In [1]:
import random
import pandas as pd
import matplotlib.pyplot as plt
from sklearn.linear_model import LogisticRegression
from sklearn.preprocessing import LabelEncoder

class FacultyData:
    def __init__(self, num_records=1000):
        self.num_records = num_records
        self.faculty_data = []
        self.df = None
        self.generate_data()

    def generate_data(self):
        designation_mapper = lambda exp: ("Professor", 1, 80000, 150000) if exp >= 20 else ("Associate Professor", 2, 50000, 80000) if exp >= 10 else ("Assistant Professor", 3, 30000, 50000)
        salary_mapper = lambda min_salary, max_salary: random.randint(min_salary, max_salary)
        patents_mapper = lambda publications: publications // 5

        for i in range(1, self.num_records + 1):
            experience = random.randint(1, 40)
            age = experience + random.randint(25, 35)
            designation, factor, min_salary, max_salary = designation_mapper(experience)
            salary = salary_mapper(min_salary, max_salary)
            publications = random.randint(1, 50)
            patents = patents_mapper(publications)
            gender = random.choice(["Male", "Female"])

            self.faculty_data.append({
                "Faculty ID": i,
                "Name": f"Faculty_{i}",
                "Experience": experience,
                "Age": age,
                "Designation": designation,
                "Designation Factor": factor,
                "Salary": salary,
                "Gender": gender,
                "Publications": publications,
                "Patents": patents,
            })

        self.df = pd.DataFrame(self.faculty_data)

    def convert_designation_factors(self):
        return {"Professor": 1, "Associate Professor": 2, "Assistant Professor": 3}

    def logistic_regression_analysis(self):
        label_encoder = LabelEncoder()
        self.df['Designation Factor Encoded'] = label_encoder.fit_transform(self.df['Designation'])


        X_exp = self.df[['Experience']]
        y_exp = self.df['Designation Factor Encoded']
        model_exp = LogisticRegression().fit(X_exp, y_exp)


        X_age = self.df[['Age']]
        model_age = LogisticRegression().fit(X_age, y_exp)


        sample_experience = [[5], [15], [25], [35]]
        sample_age = [[30], [40], [50], [60]]

        exp_predictions = model_exp.predict(sample_experience)
        age_predictions = model_age.predict(sample_age)

        print("\nPredicted Designation based on Experience:")
        for exp, pred in zip(sample_experience, exp_predictions):
            print(f"Experience {exp[0]} -> Predicted Designation Factor: {pred}")
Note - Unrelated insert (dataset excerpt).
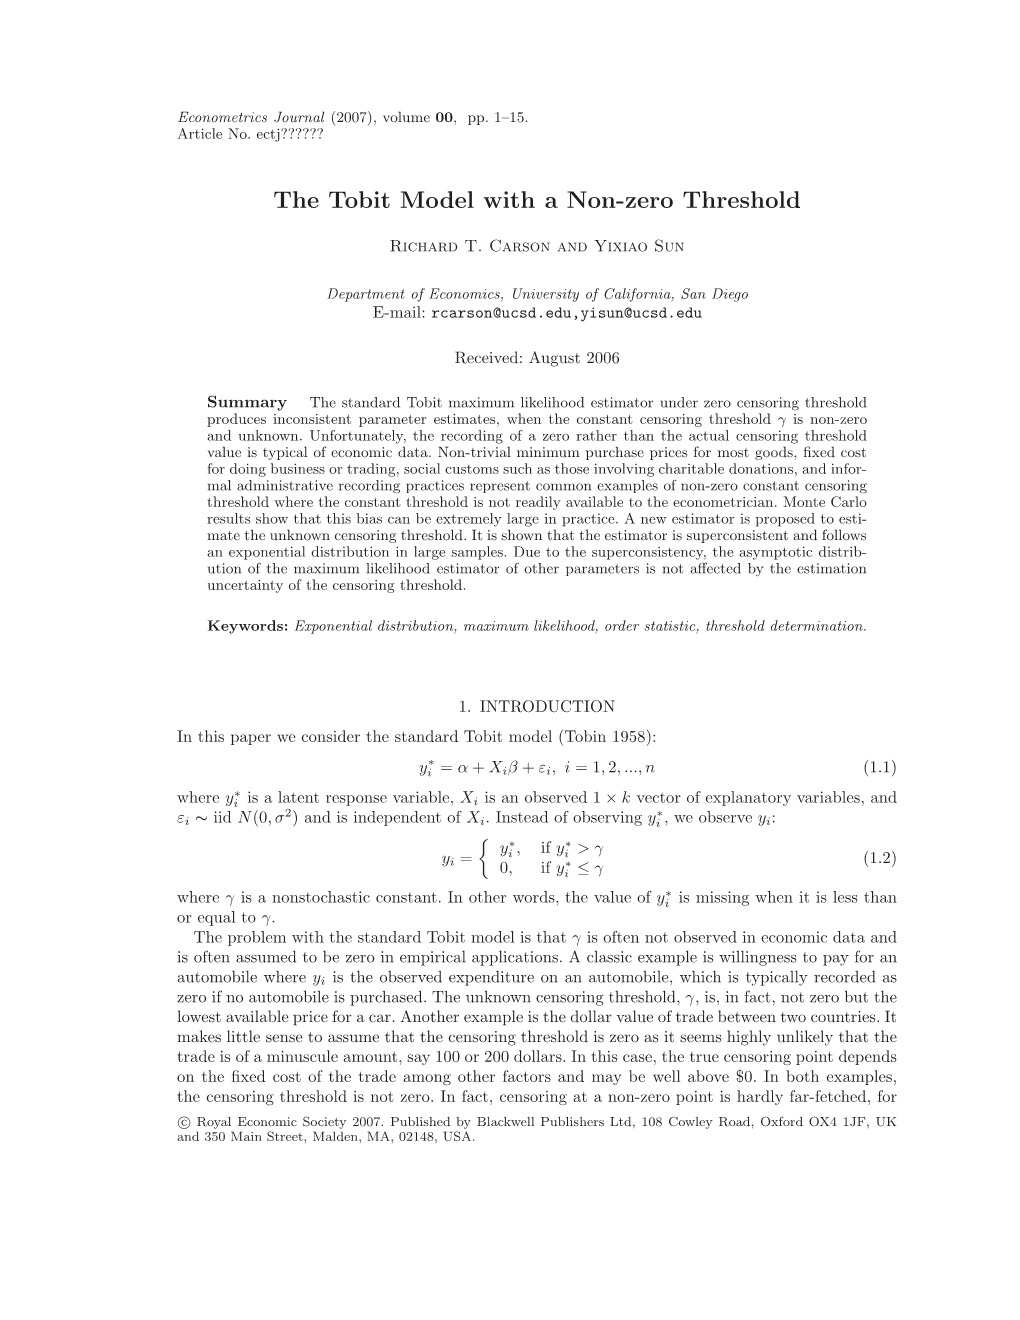 The Tobit Model with a Non-Zero Threshold

        print("\nPredicted Designation based on Age:")
        for age, pred in zip(sample_age, age_predictions):
            print(f"Age {age[0]} -> Predicted Designation Factor: {pred}")


faculty = FacultyData()
faculty.logistic_regression_analysis()



Predicted Designation based on Experience:
Experience 5 -> Predicted Designation Factor: 0
Experience 15 -> Predicted Designation Factor: 1
Experience 25 -> Predicted Designation Factor: 2
Experience 35 -> Predicted Designation Factor: 2

Predicted Designation based on Age:
Age 30 -> Predicted Designation Factor: 0
Age 40 -> Predicted Designation Factor: 1
Age 50 -> Predicted Designation Factor: 2
Age 60 -> Predicted Designation Factor: 2